Most people rush to get to work. This means they have little time for breakfast. What breakfast is eaten is often ‘on the go’ or whatever they can consume in the five minutes they allocate to feeding. Then at work, they work hard often taking little time for lunch. The result is that by evening, they are hungry and also tired. The upshot of this situation is a reluctance to spend time cooking healthy foods, and a reliance on convenience alternatives.
Meal Timing For Weight Loss
Scientists have compared the effects of meal timing on weight loss. Generally the results show that those who eat most of their calories early in the day lose more weight than those who eat the majority of their calories in the evening. The old saying ‘eat like a king at breakfast, like a prince at lunch and like a pauper at dinner’ therefore rings true nutritionally. Feeding habits therefore contribute significantly to weight gain and body composition changes.
Another consideration for poor meal timing is the increased risk of snacking. Those who skip breakfast and lunch are more prone to snack throughout the day. The presence of vending machines and the proximity of fast food outlets often means these snack are unhealthy alternatives that are either high in sugar or salt or both. Snacking throughout the day in such a way is not uncommon in the modern Western office environment.
Don’t Get Hungry
Remember that the number one rule of weight loss is to not get hungry under any circumstances. Missing breakfast is a surefire way to make yourself hungry by midday and ensure a handsome intake of fattening sugar laden snack. Eating a breakfast containing healthy high quality foods such as oats, eggs and whole grain toast is therefore pivotal to maintaining correct blood sugar levels which will prevent snacking.

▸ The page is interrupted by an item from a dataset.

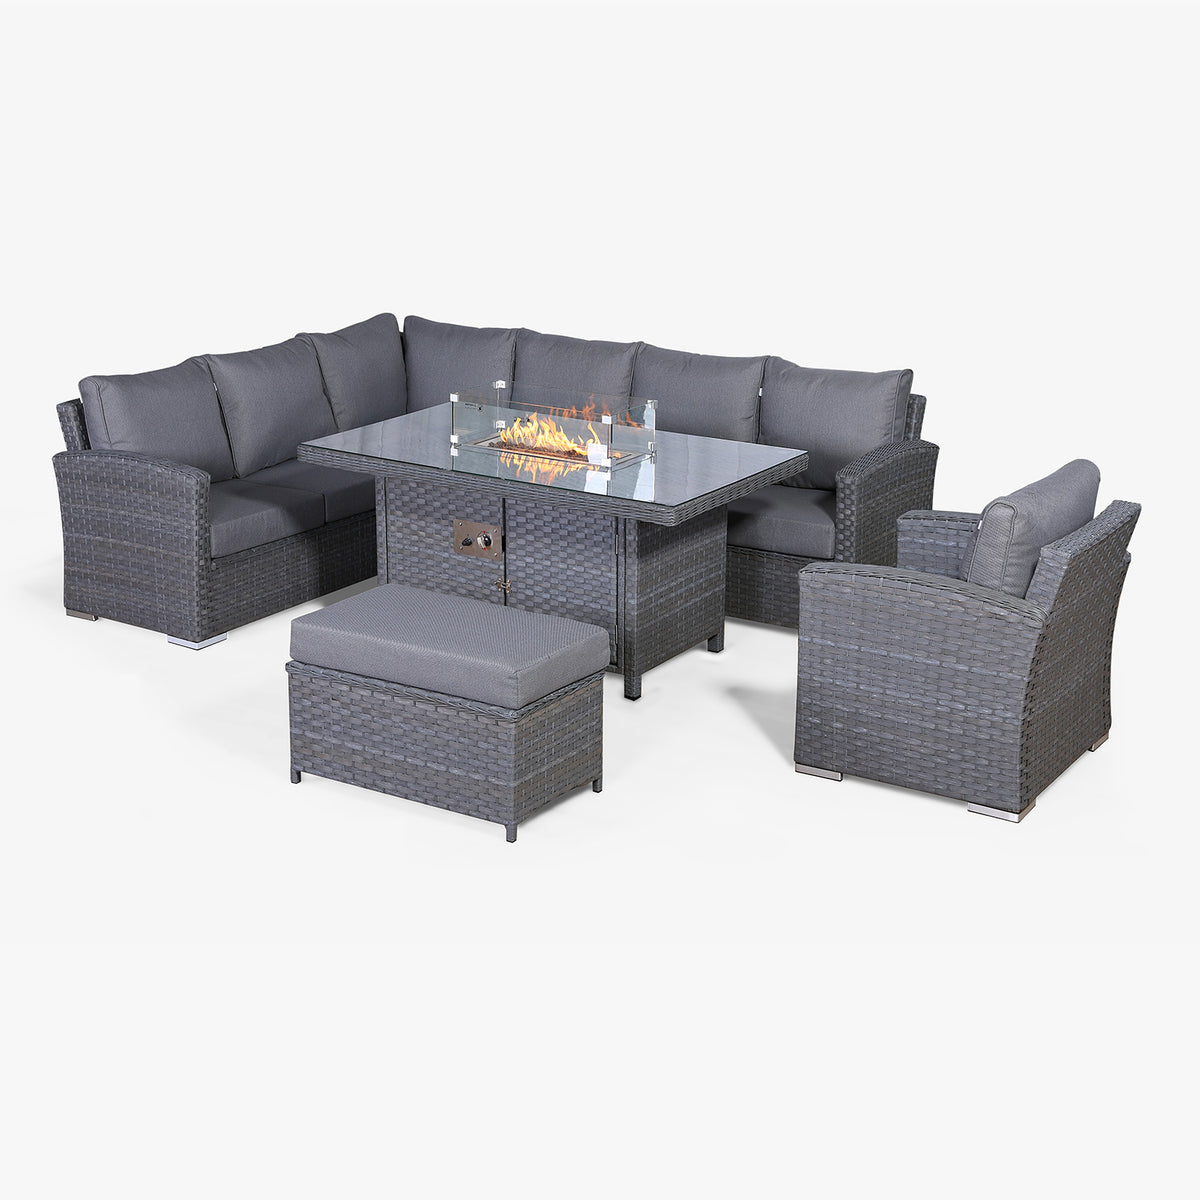 Rattan Park Victoria High Back Left Hand Corner Sofa Set with Arm Chair & Fire Pit Table in Slate Grey Weave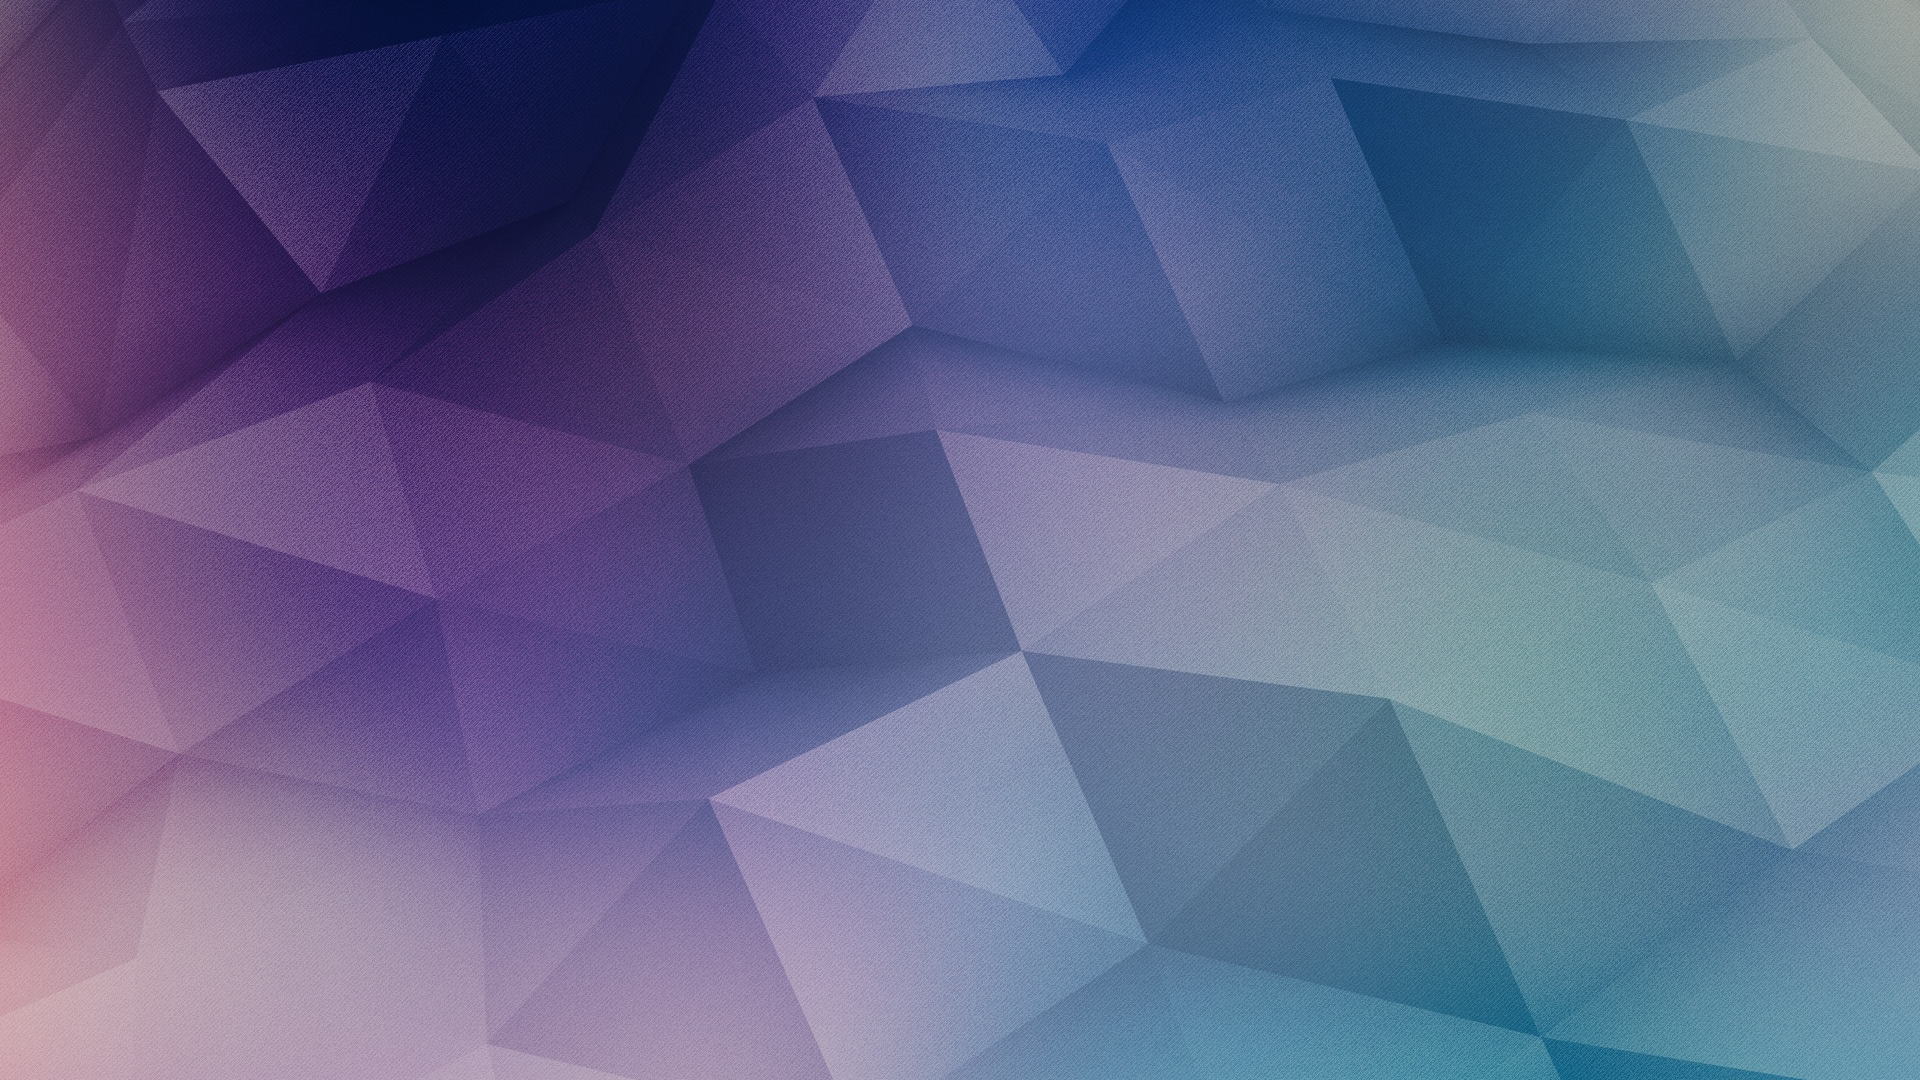 General 1920x1080 low poly abstract violet blue purple texture digital art

Let’s face it, buying healthy snacks is hard these days. Most shops sell convenience foods that is high in sugar and salt and low in protein and micronutrients. Therefore if you need to eat at work, it is best to make your own food and take it with you. Being prepared nutritionally is one of the best ways to prevent hunger pangs that could lead to cravings for sugary snacks. Nuts, eggs, fruit, whey protein, milk and cheese make excellent snacks to prevent such a scenario.